# ISO Perfect Poached Egg



## Uncle Bob (Apr 1, 2007)

Please share with me your ideas and methods of poaching an egg!!


----------



## VeraBlue (Apr 1, 2007)

The water has to be just simmering...no rapid boiling, please.  Make a well in the center of the pot by stirring around the pot quickly.  It will look like the inside of a tornado in the center of your pot.  Slide the egg into the whirl and wait three minutes.  Remove with a slotted spoon.

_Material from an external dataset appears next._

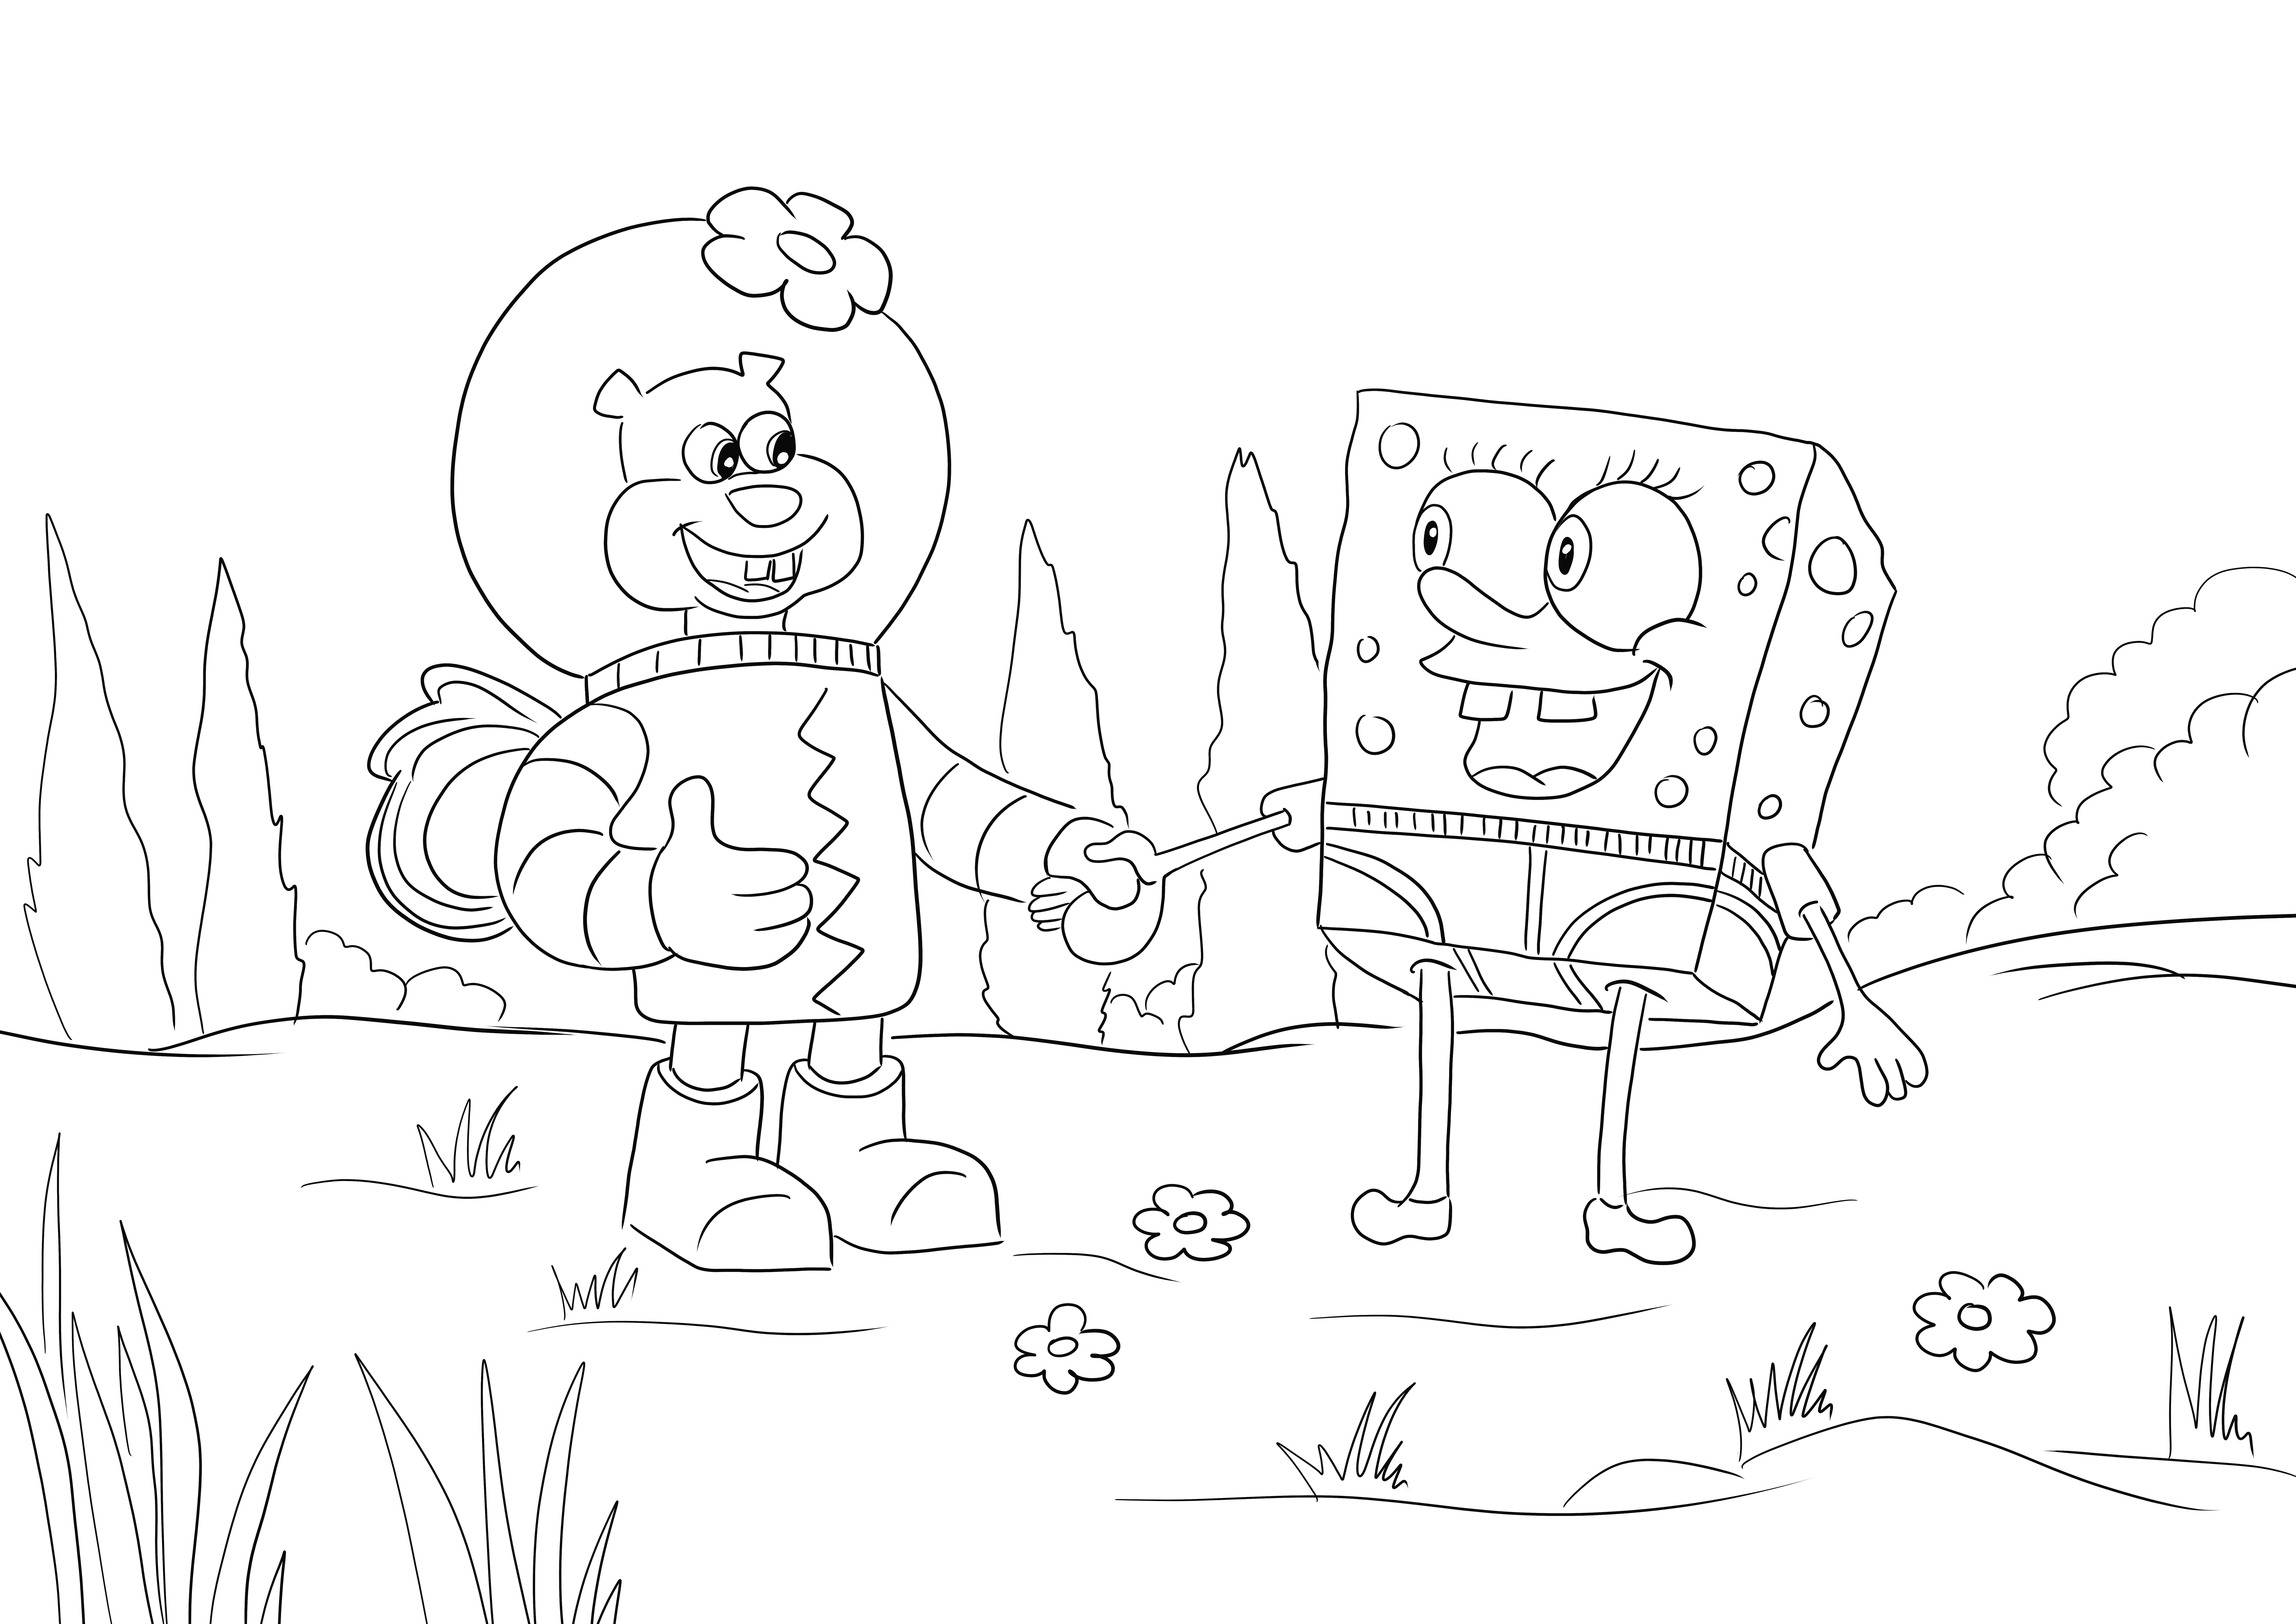 SpongeBob e Sandy Cheeks liberi di stampare e colorare l'immagine

I like to add a tablespoon of white vinegar to the water as well.   I won't do more than two eggs at a time because more will drop the temperature of the water too much.


----------



## jpmcgrew (Apr 1, 2007)

Make sure the eggs are as fresh as you can get, fresh hold up better.Put one egg at a time into a small container and lay egg gently into the simmering water.You can do several eggs at a time if your pan is big enough let poach till eggs are just set up enough to handle unless you want them more done then remove with a slotted spoon from pan.You can make many eggs ahead by pulling out when just firm enough to handle and drop them in ice water they will keep overnight then you just reheat in boiling water a few seconds.Usually you want to slide a spatula under the eggs when they kinda stick to bottom of pan then they will float and finish cooking.A good teflon pan is good for this.


----------



## Katie H (Apr 1, 2007)

Guess what, I'm going to cop out?  I have an electric egg cooker.  Got it at a thrift store for $2.  It makes the most perfect hard-boiled eggs.  It also cooks perfect poached eggs without the water, vinegar, etc.  I've done that and can make a decent poached egg using that method.  However, I'm now addicted to my delightful R2D2 cooker.  One of the best features of the poaching part is that the "wells" that hold the eggs are Teflon-coated, which makes the eggs glide right out onto the toast or plate.


----------



## callie (Apr 1, 2007)

OK...I'm in search, too...I have an egg poaching pan.  You know, 4 little cups in a pan that sets inside of another pan.  You put the water in the bottom one and the eggs in the top.  I have an electric stove.  There is a lid that goes on the pan.  I'm clueless...been experimenting and haven't got it right yet.  I want the whites set and the yolks soft.  Any suggestions here, too?


----------



## Andy M. (Apr 1, 2007)

Uncle Bob:
Vera hit the nail on the head.

Callie:
Try cooking the eggs with the lid off.  Either that or try separating the eggs and starting the whites then adding the yolks part way through the cooking process.


----------



## amber (Apr 1, 2007)

I agree with Andy and Vera on the low boil.  I carefully drop my egg into the water and then of course all the white starts to move about sadly, but can be recooperated with a slotted spoon


----------



## callie (Apr 1, 2007)

Thanks, Andy.  I'll give that a try.


----------



## Andy M. (Apr 1, 2007)

Adding the white vinegar causes the whites to coagulate more quickly, preventing them from wandering.  

Creating a vortex to drop the egg into causes any straying strands of egg white to wrap around the outer edge of the egg mass rather than wandering off as a stray tendral.


----------